# Did Myers-Briggs really type us correctly?



## Simone (Sep 15, 2009)

Hi--I am new to the cafe. It was nice being welcomed by Mr. Cyberbot. I took the M-B test 17 years ago and was typed as an INFJ. I bought it until I actually read through the IN profiles. INTP seems to match me much, much better. The only way the INTP type doesn't fit me is that I'm not particularly "geeky." I'm not much into sci-fi, neither am I particularly computer savvy. Just wondering if anyone had similar problems being typed.


----------



## Mr. CafeBot (Jun 13, 2009)

*Welcome to PersonalityCafe!*

*You are hearing a robotic sounding voice coming towards you*



Greetings Simone and welcome to PersonalityCafe!! My name is Mr. CafeBot. I am here to personally greet you and thank you for joining our humble little forum. No matter your type, you will surely experience a wonderful time with the members of this forum. We cater to all personality types so you will never feel alone or weird. Truth is this forum is full of weirdos!! Pleazeee hel.... *Ahem*I mean we have the nicest people you will ever meet. 

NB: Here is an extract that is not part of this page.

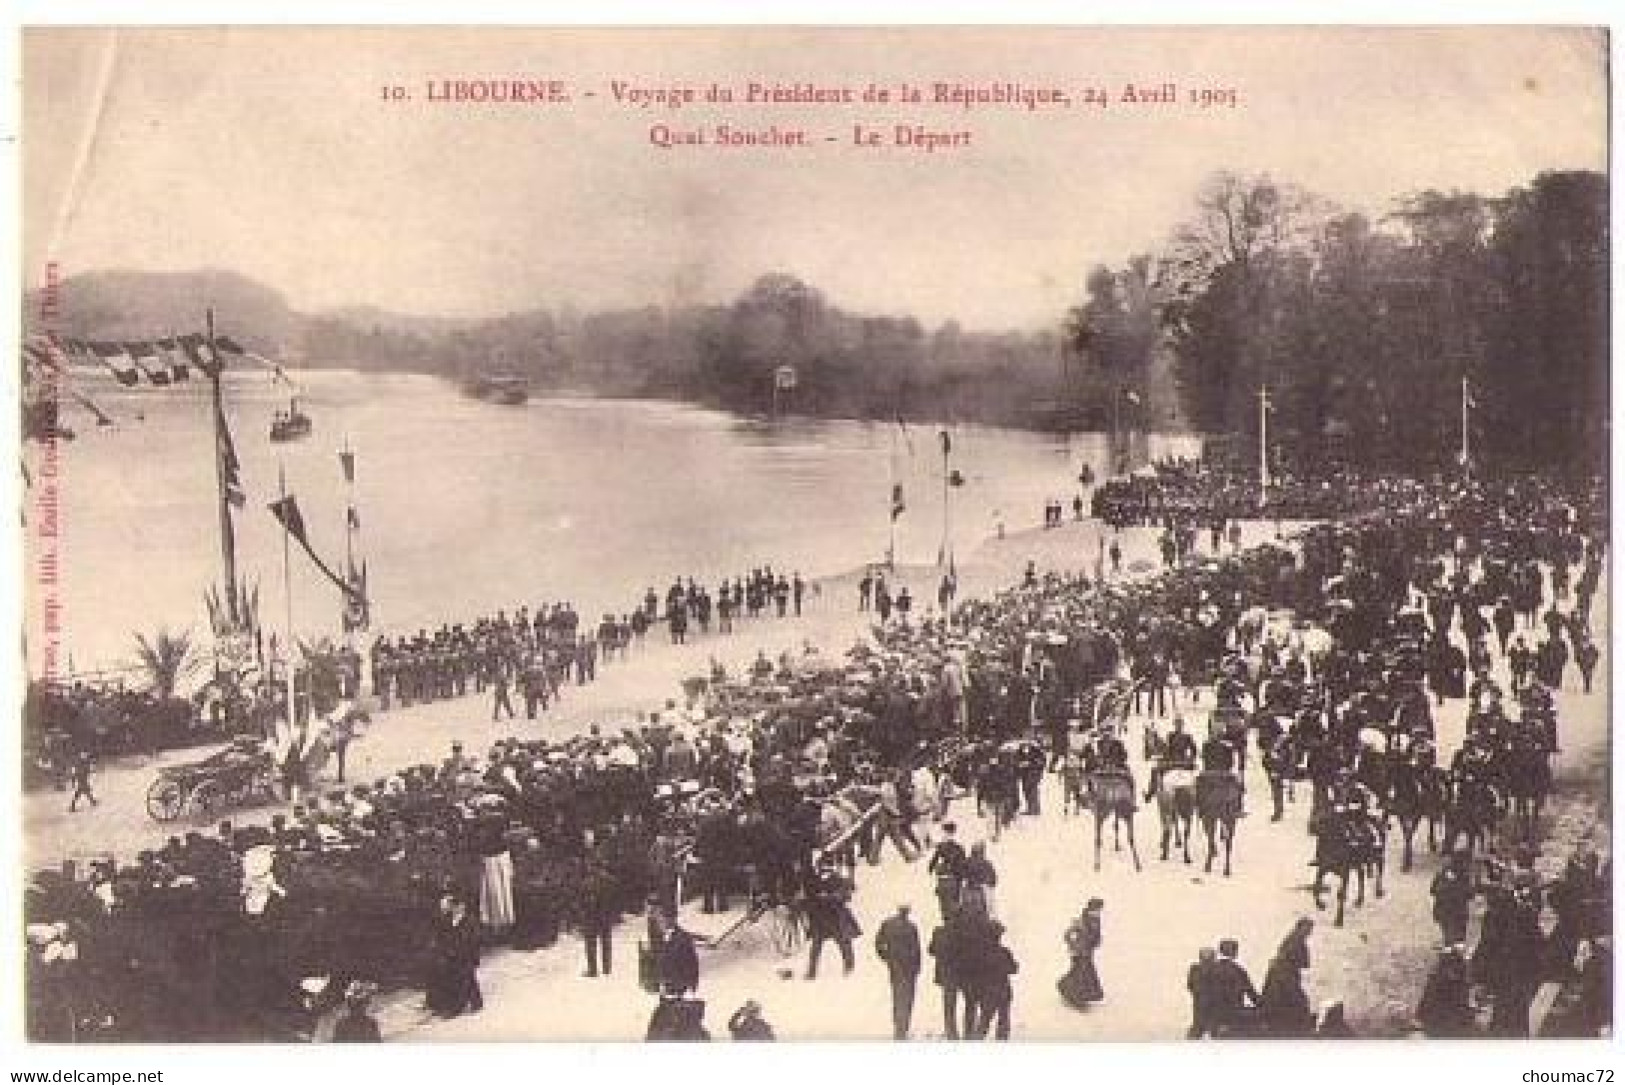 (33) 228, Libourne, Voyage Du Président De La République 1905, Guillier 10, Quai Souchet, Le Départ - Libourne

If you need basic forum information our newbie guide link is here...
http://personalitycafe.com/intro/2319-friendly-guide-newbies.html

To keep the forum entertaining and safe, our forum rules link is here...
http://personalitycafe.com/announcements/540-personality-cafe-forum-rules.html

If you need any help or have any suggestions, please let us know here...
http://personalitycafe.com/support-suggestions/

We will always be glad to help you!

Again, welcome to our forum Simone. We hope that your experience with us is tremendously benevolent!

P.S.

Please tip me 1 gold. I need to buy more coffee! @[email protected]


----------



## Verdant Hollow (Aug 25, 2009)

You jointed an MBTI forum and you aren't geeky!?

But no, seriously, I'm not geeky either. That's fine though, not all INTPs are. I know plenty of INTPs, and while they have a penchant for being geeky, it is by no means necessary.

Welcome :laughing:


----------



## Fanille (Sep 3, 2009)

Was this the actual Myers-Briggs test or some Internet knock-off? Not that I think the official Myers-Briggs test is infallible, but I figured we should make it clear before you go bashing Myers.

And yes, people mis-type themselves through tests all the time. It happens.

Anyway, welcome!


----------



## skycloud86 (Jul 15, 2009)

*Welcome to the forum :happy:*


----------



## Marino (Jun 26, 2009)

The MBTI has no scientific validity whatsoever, but I use it because really, there is nothing better to describe me thus far except for Aspie and Schizoid. I have always tested INTP. :tongue:


----------



## Chilln (Aug 19, 2009)

Welcome Simone. Yes the MBTI is far from infallible, I remember what it was like discovering that I was INTP almost 4 years ago. At first, just being shocked in general by my results and what it conveyed to me as far as rarity of types and my past etc. I did not give it excessive thought however until a couple years ago, when I started reading heavily detailed descriptions of INTPs and I was shocked once more and inevitably that led to joining a few forums. I am by no means geeky and I do not watch Star Trek. I do love Lord of the Rings and Dune however. I tested INFP twice, ( one was only last week). Every other time I have tested INTP however, but I feel like I could still change into an INFP or even an INTJ at times. Perhaps that is just the INTP chameleon talking.
Anyway I guess what I am trying to say is that on a cosmic scale MBTI has no relevance, and these days I give it as little importance as possible. :wink:


----------



## 480 (Jan 22, 2009)

Welcome to the forum. Enjoy your stay.


----------



## Blueguardian (Aug 22, 2009)

Welcome to PC.


----------



## Femme (Jul 12, 2009)

Welcome to the cafe, Simone.


----------



## starri (Jan 23, 2009)

Hello and Welcome INFJ/INTP :happy:

[INTP with Fe?]


----------



## Simone (Sep 15, 2009)

Blueguardian said:


> Welcome to PC.


Are you as hot as your avatar?


----------



## Dr. Metallic (Nov 15, 2008)

Welcome, Simone. (I like that movie, btw)

I'm pretty much INTJ. I like to think of myself as well rounded too, but all together INTJ. I'll change traits, but only one at a time, so INTJ will be my baseline.

I think the INTJ's description is pretty accurate.


----------